DESCRIPTION OF BUSINESS

Organization and Description of Business

Retrophin, Inc. (“we”, “our”, “us”, “Retrophin” and the “Company”) refers to Retrophin, Inc., a Delaware corporation, as well as our direct and indirect subsidiaries. Retrophin is a fully integrated biopharmaceutical company headquartered in San Diego, California focused on the development, acquisition and commercialization of therapies for the treatment of serious or rare diseases. We regularly evaluate and, where appropriate, act on opportunities to expand our product pipeline through licenses and acquisitions of products in areas that will serve patients with serious or rare diseases and that we believe offer attractive growth characteristics.

We are currently developing the following pipeline products:

Sparsentan is an investigational therapeutic agent which acts as both a potent ARB, as well as a selective ERA, with in vitro selectivity toward endothelin receptor type A. The Company has secured a license to sparsentan from Ligand Pharmaceuticals, Inc. and Bristol-Myers Squibb Company (who referred to it as DARA). The Company is developing sparsentan as a treatment for FSGS, which is a leading cause of end-stage renal disease and NS. Sparsentan was granted orphan drug designation in the United States and the European Union in January 2015 and November 2015, respectively. In the third quarter of 2016, the Company announced positive top-line data from the Phase 2 DUET study of sparsentan for the treatment of FSGS. In early 2017, we had an End of Phase 2 meeting with the FDA regarding the regulatory pathway for sparsentan as a treatment for FSGS. Following the meeting and our receipt of confirmatory meeting minutes, we announced our plans to initiate a single Phase 3 clinical trial to serve as the basis of a New Drug Application ("NDA") filing for sparsentan for the treatment of FSGS.

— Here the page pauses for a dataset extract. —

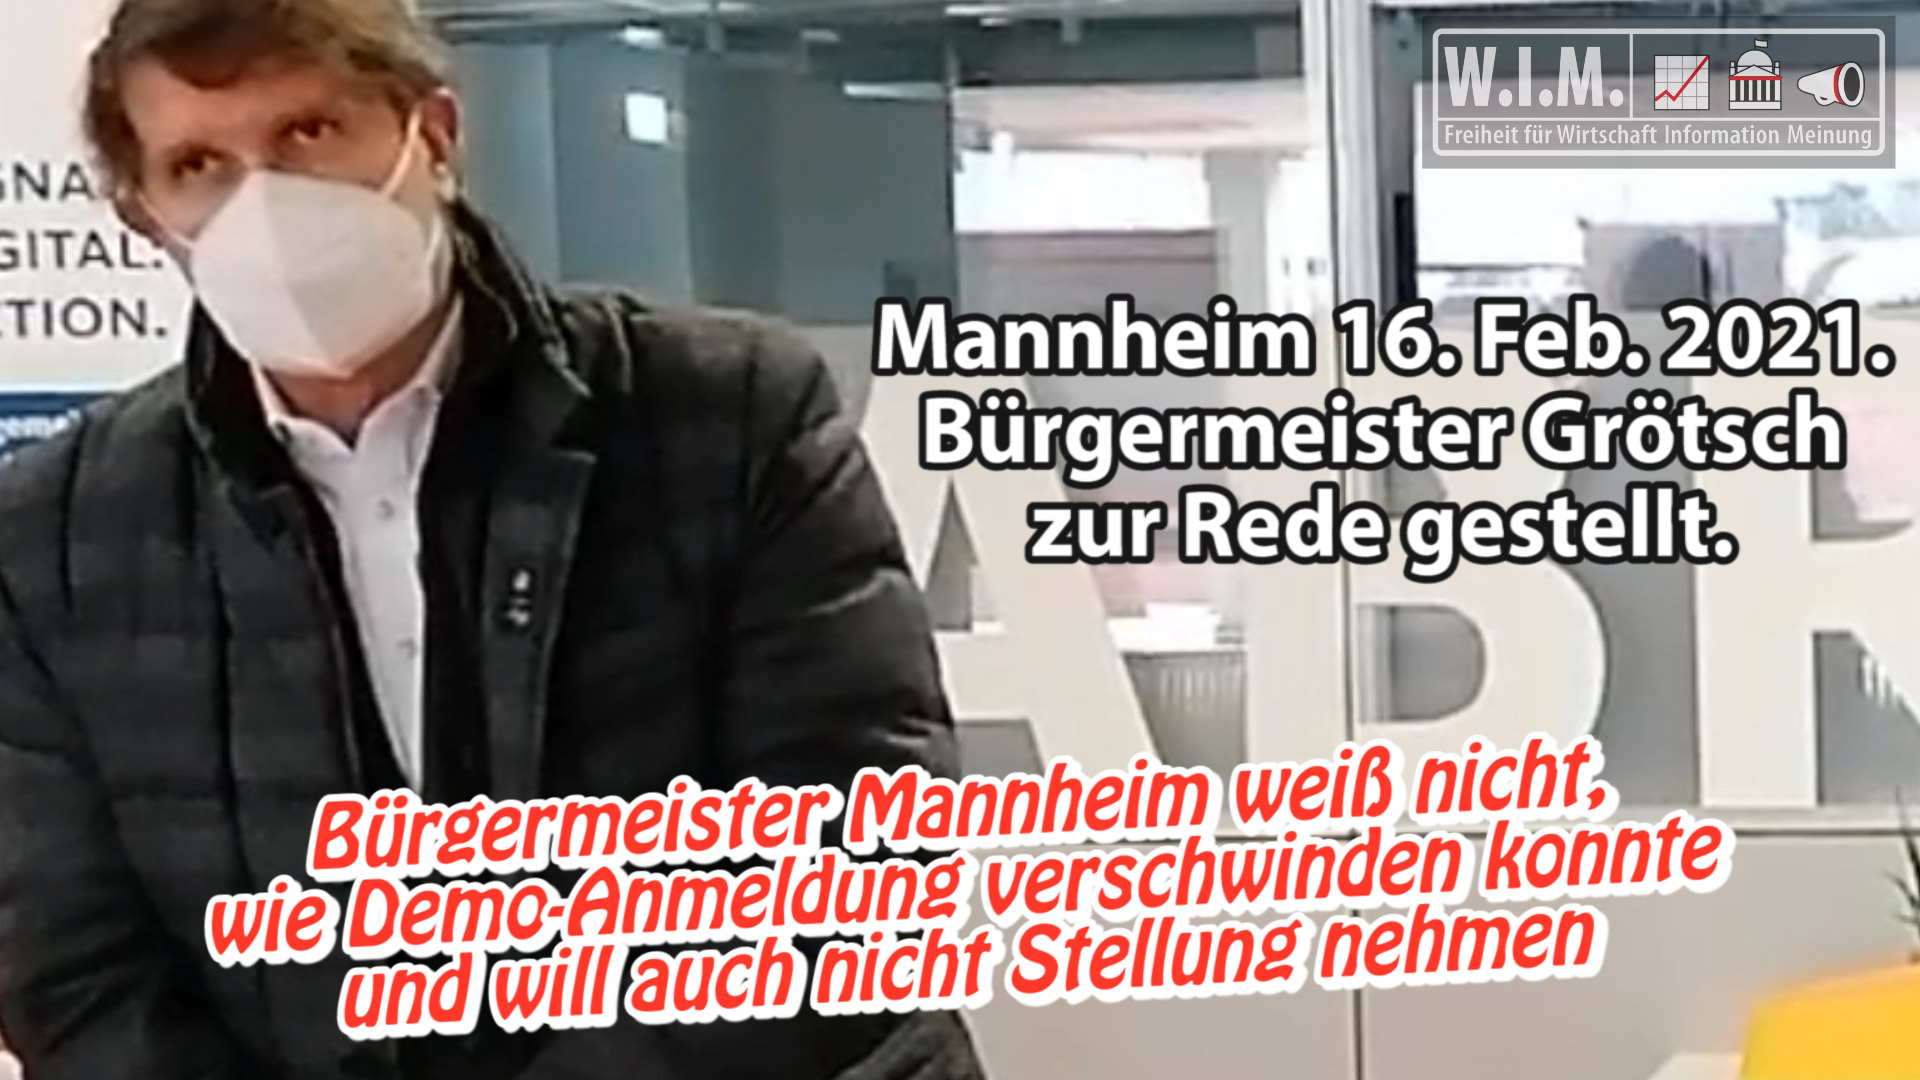 Bürgermeister Mannheim weiß nicht, wie Demo-Anmeldung verschwand. Will auch nicht Stellung nehmen

Fosmetpantotenate, also known as RE-024, a novel small molecule, is being developed as a potential treatment for pantothenate kinase-associated neurodegeneration (“PKAN”). PKAN is a genetic neurodegenerative disorder that is typically diagnosed in the first decade of life. Consequences of PKAN include parkinsonism, dystonia, and other severe systemic manifestations. Fosmetpantotenate (RE-024) is a phosphopantothenate replacement therapy that aims to restore levels of this key substrate in PKAN patients. Certain international health regulators have approved the initiation of dosing fosmetpantotenate (RE-024) in PKAN patients under physician-initiated studies in accordance with local regulations in their respective countries. The Company filed a U.S. IND for fosmetpantotenate (RE-024) with the FDA in the first quarter of 2015 to support the commencement of a Company-sponsored Phase 1 study, which was successfully completed during 2015. The FDA granted fosmetpantotenate (RE-024) orphan drug designation in May 2015 and fast track designation in June 2015. In February, 2016, the Company announced fosmetpantotenate (RE-024) was granted orphan drug designation by the European Commission. In November, 2016, the Company announced that it had reached an agreement with the FDA under the Special Protocol Assessment (SPA) process for a Phase 3 clinical trial evaluating fosmetpantotenate (RE-024) for PKAN. The Company expect to begin dosing patients in this Phase 3 clinical trial in the coming months. The Company continues discussions with the EMA regarding the initiation of a potential registration-enabling efficacy trial in PKAN patients.

Tetracosactide zinc (RE-034) is a synthetic hormone analog of the first 24 amino acids of the 39 amino acids contained in adrenocorticotropic hormone ("ACTH") incorporated into a novel formulation developed by us. Tetracosactide zinc (RE-034) exhibits similar physiological actions as endogenous ACTH by binding to all five melanocortin receptors (pan-MCR), resulting in its anti-inflammatory and immunomodulatory effects. The Company successfully manufactured tetracosactide zinc (RE-034) at proof-of-concept scale using a novel formulation process that allows modulation of the release of the active ingredient from the site of administration. The Company decided to focus our further efforts on this program toward an external partnership and out-licensing opportunities.

Liquid ursodeoxycholic acid ("L-UDCA") is a liquid formulation of ursodeoxycholic acid being developed for the treatment of a rare liver disease called primary biliary cholangitis ("PBC"). We obtained L-UDCA during 2016 with the intention of making L-UDCA commercially available to the subset of PBC patients who have difficulty swallowing.

We currently sell the following three products:


•	Chenodal (chenodiol tablets) is approved in the United States for the treatment of patients suffering from gallstones in whom surgery poses an unacceptable health risk due to disease or advanced age. Chenodal has been the standard of care for CTX patients for more than three decades and the Company is currently pursuing adding this indication to the label.


•	Cholbam (cholic acid capsules) is approved in the United States for the treatment of bile acid synthesis disorders due to single enzyme defects and is further indicated for adjunctive treatment of patients with peroxisomal disorders.


•	Thiola (tiopronin tablets) is approved in the United States for the prevention of cystine (kidney) stone formation in patients with severe homozygous cystinuria.